- Born
- John Hillcoat was born on August 14, 1961 in Queensland, Australia. He is a director and producer, known for The Proposition (2005), The Road (2009) and Lawless (2012).
- Frequently casts Guy Pearce
- Often uses music by Nick Cave and Warren Ellis
- Directed music videos for Nick Cave & the Bad Seeds, Einstürzende Neubauten, Siouxsie & the Banshees, Manic Street Preachers, Bush, Placebo, Suede, Atari Teenage Riot, Depeche Mode, HIM, Alec Empire, Muse, AFI and more.
- At a young age, his paintings were featured in the Art Gallery of Hamilton (Ontario, Canada).
- Frequently works with Nick Cave.
- Raised in Hamilton, Ontario, Canada.
- Graduated from Melbourne's Swinburne Film School.
- Ned Kelly and His Gang was made in 1906, only three years after The Great Train Robbery. It was banned by Victorian-era censors for its 'romantic' portrayal of bushrangers, who might otherwise have become folk heroes and inspired class war. The western wasn't allowed to grow into a real genre in Australian cinema, although colonial-period dramas started re-surfacing in the '70s.
- Shooting in the Outback was like being on another planet. It's much more harsh and extreme than the American desert. [on The Proposition]

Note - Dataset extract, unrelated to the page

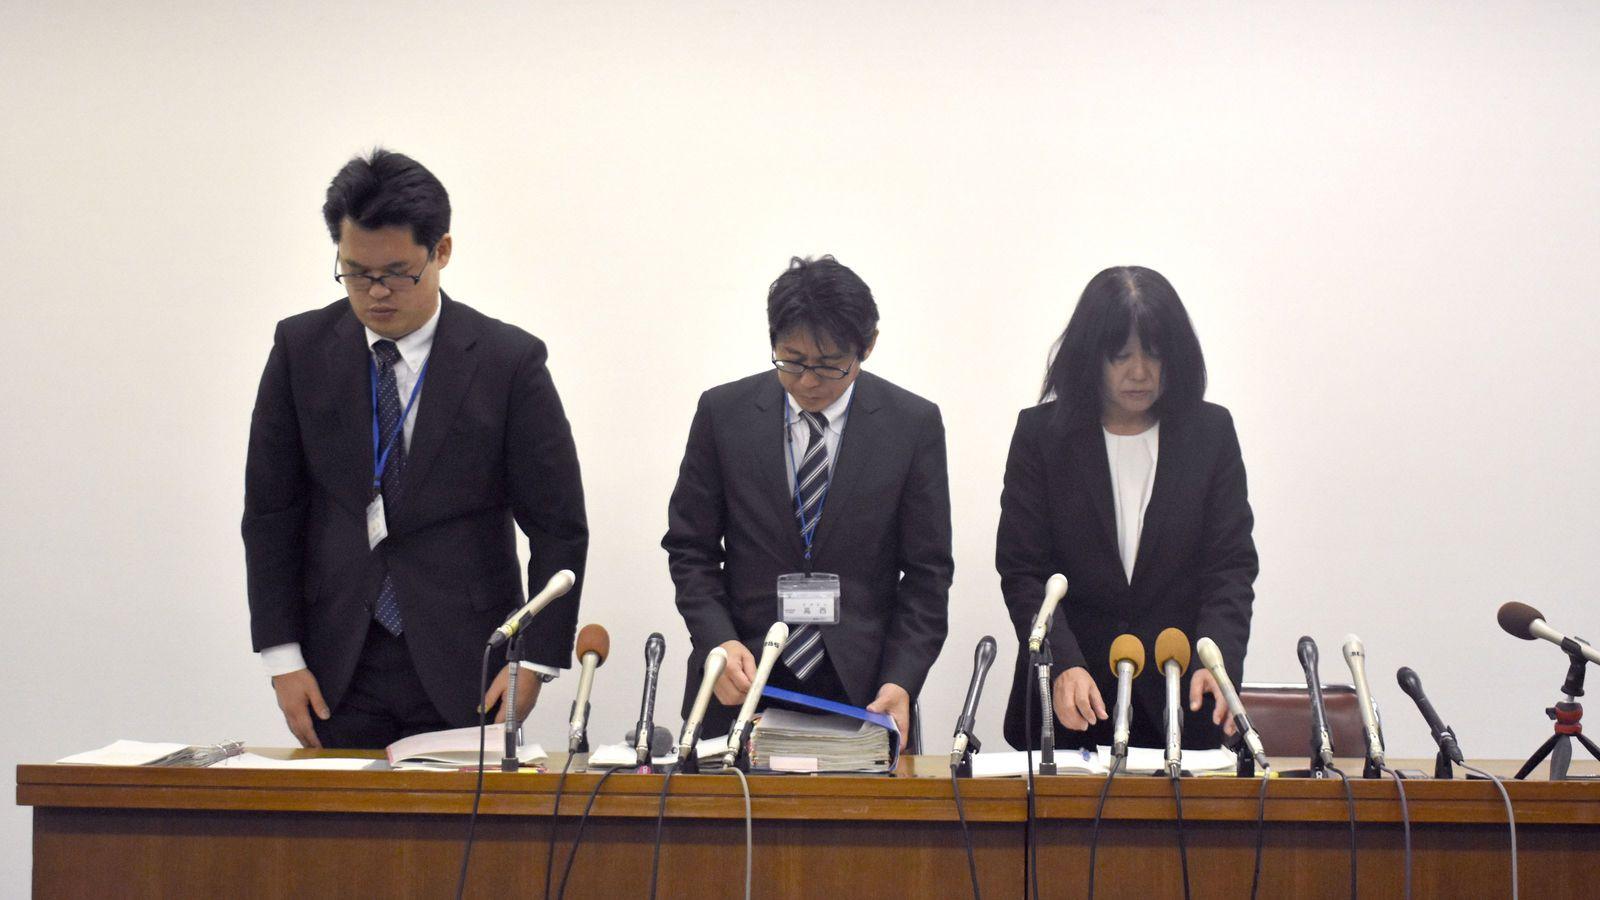 「神戸のイジメ教師」は、なぜ野放しだったのか 新卒でも「先生」になれる歪んだ環境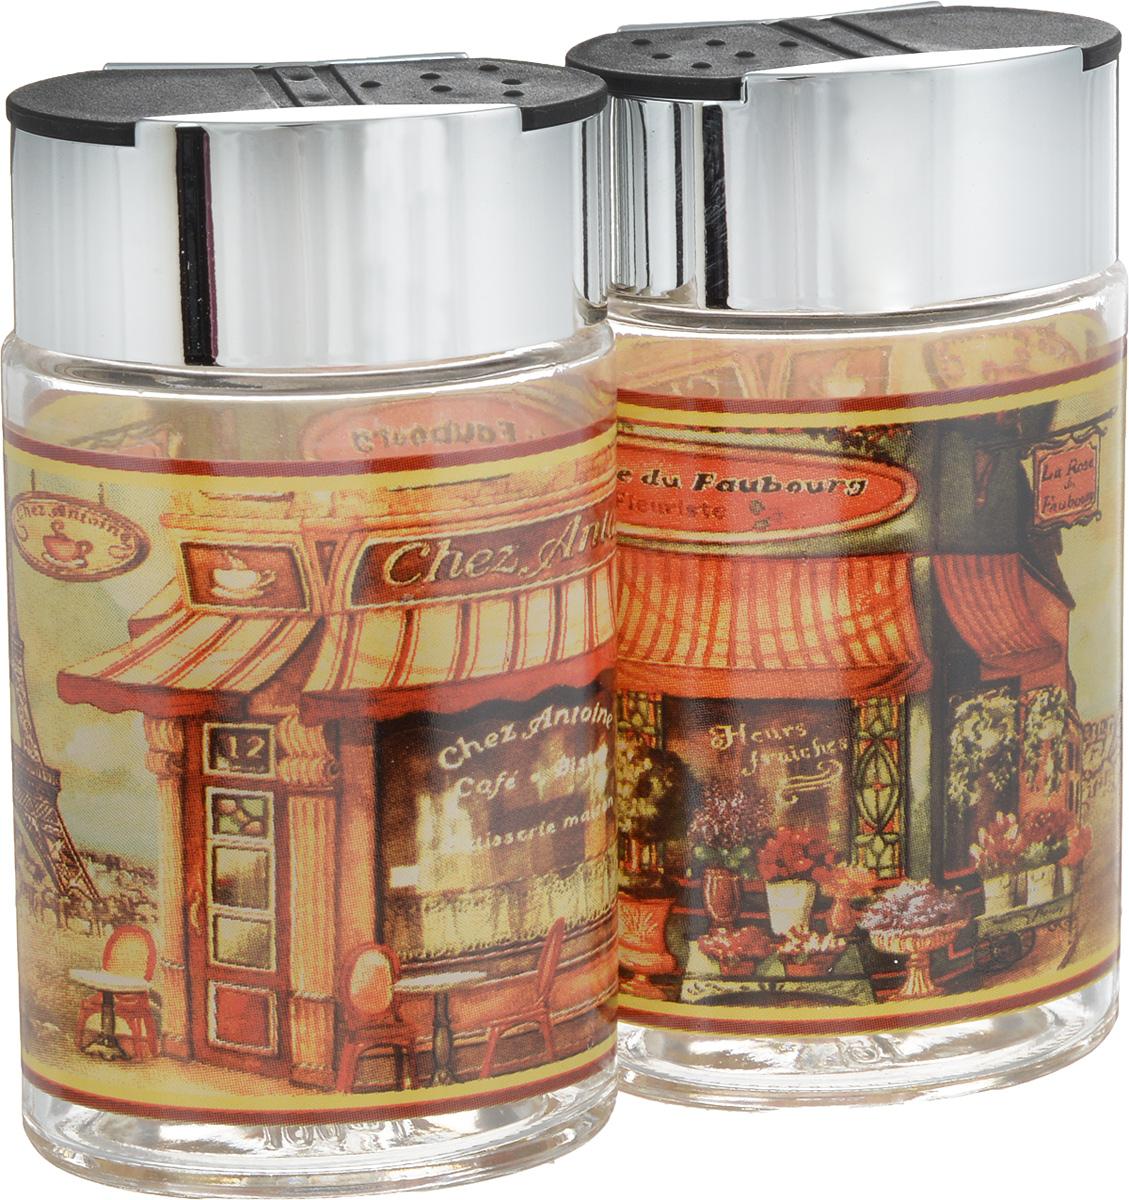 Набор для соли и перца SinoGlass Бутик, 2 предметаSI-806648003-ALНабор SinoGlass Бутик состоит из солонки и перечницы. Емкости, выполненные из стекла, оснащены пластиковыми крышками с хромированным покрытием со специальными отверстиями для высыпания. Благодаря компактным размерам набор не займет много места на вашей кухне. Емкости легки в использовании: стоит только перевернуть их, и вы с легкостью сможете добавить соль и перец по вкусу в любое блюдо. Дизайн, эстетичность и функциональность набора SinoGlass Бутик позволят ему стать достойным дополнением к кухонному инвентарю. Размер солонки/перечницы (с учетом крышки): 5,5 х 4 х 10 см.

- [About violence in "The Proposition"] There was a conscious decision to try and be realistic, not gratuitous. I think it's actually becoming more gratuitous, violence in mainstream films. We could have gone the Mel Gibson route - in fact, the more lucrative route. And because we were trying to show the harsh reality what was happening on the frontier, you can't shy away from the fact that it was extremely violent.
- [About his films] There is a connection in that all three deal in extreme environments and characters under extreme conflict. I have to say I am most happy with "The Proposition". I've got my reservations on all three but I'm most happy with this one.
- When I actually read the book, what inspired me was how believably it put you in the here and now. Come apocalypse, it all becomes about your immediate day-to-day survival. And, refreshingly, the story didn't need to explain the big event. -- on "The Road"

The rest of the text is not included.